§ **What you need to do**: From the entries below, transcribe exactly the lines between the line holding "the olympic rings are in front of a building" and the line holding "DuroMax XP13000EH Dual", inclusive; skip all other lines.

§ **Data provided**:
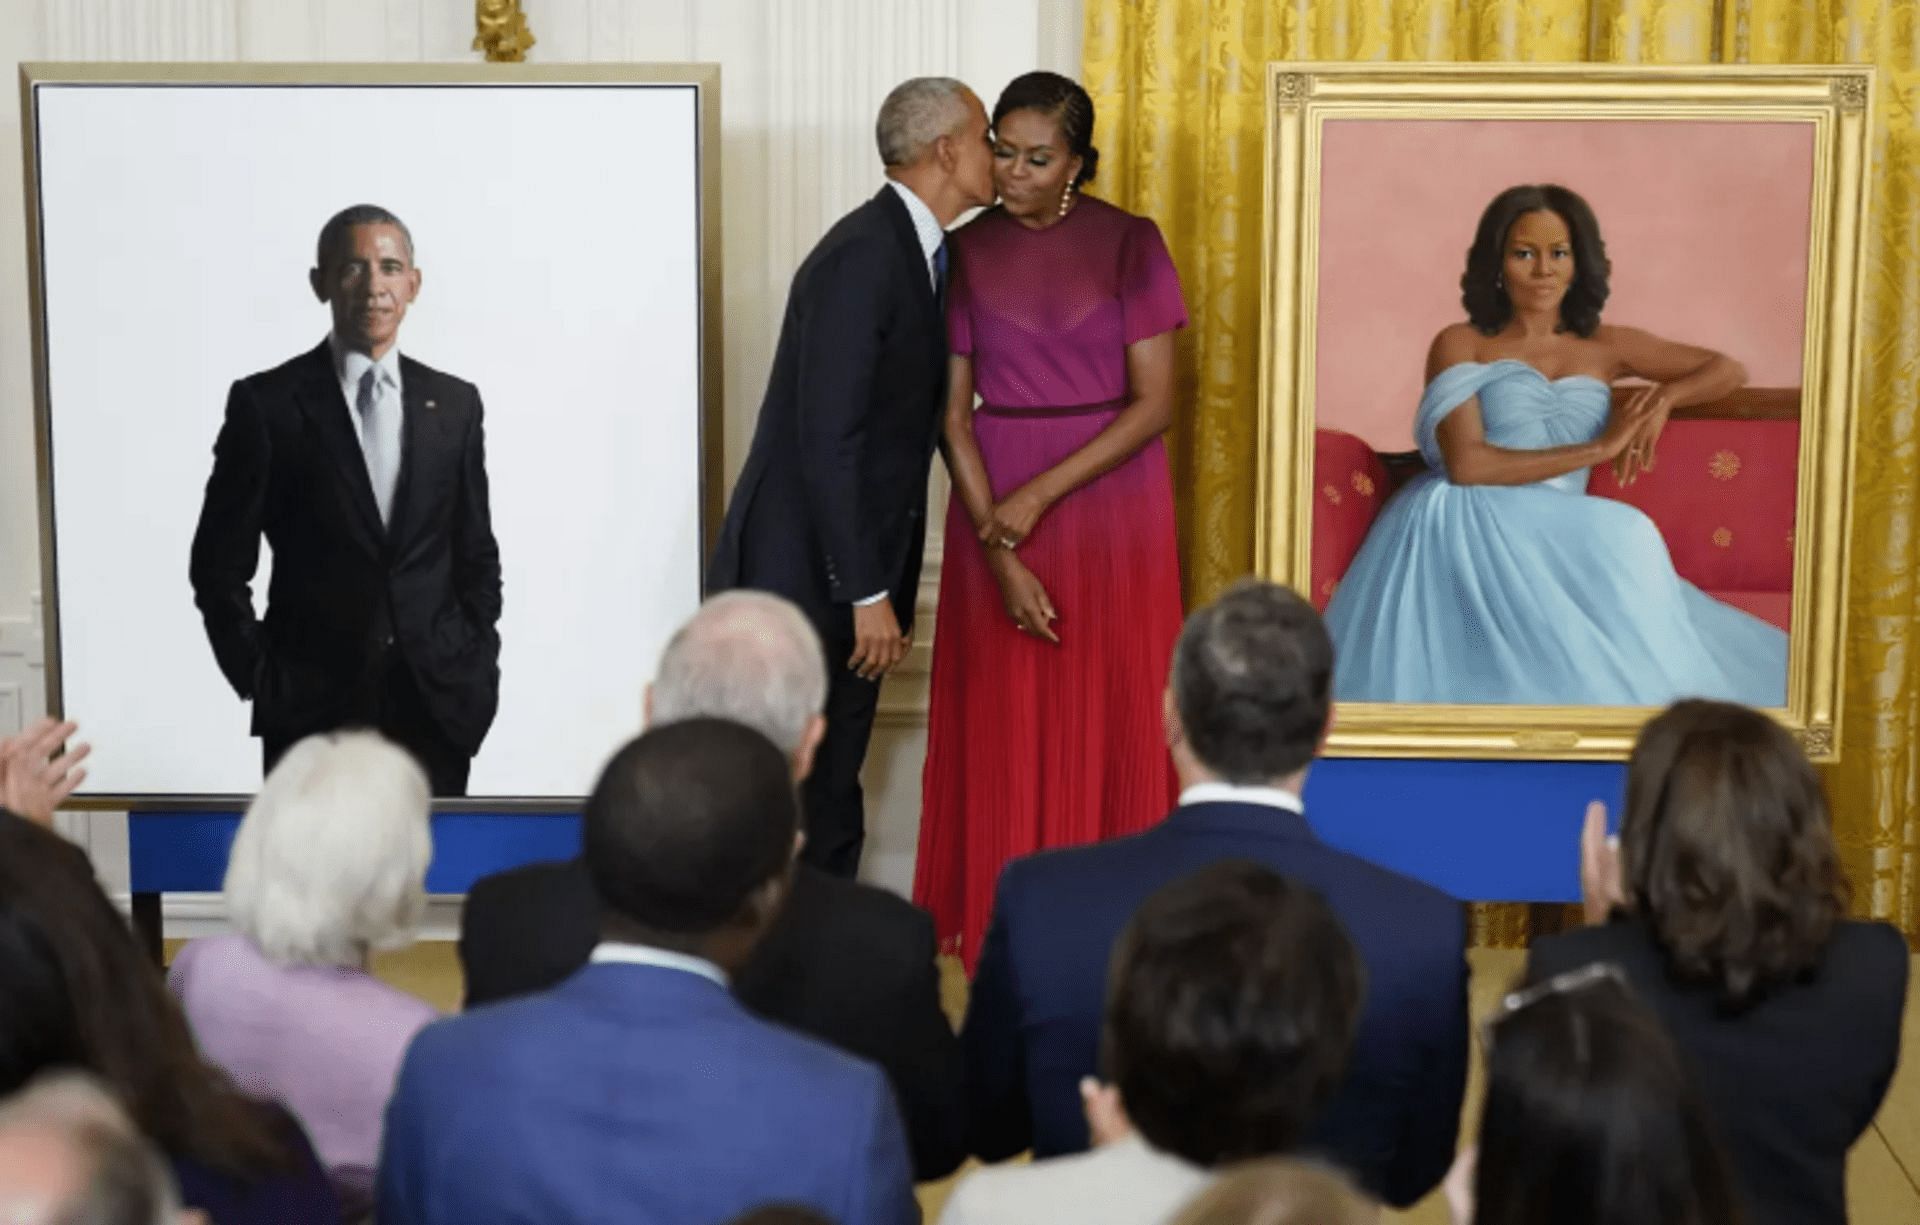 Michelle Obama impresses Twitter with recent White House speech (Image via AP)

---

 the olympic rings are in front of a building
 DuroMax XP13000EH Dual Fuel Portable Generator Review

§ **Exercise output**:
 the olympic rings are in front of a building
 DuroMax XP13000EH Dual Fuel Portable Generator Review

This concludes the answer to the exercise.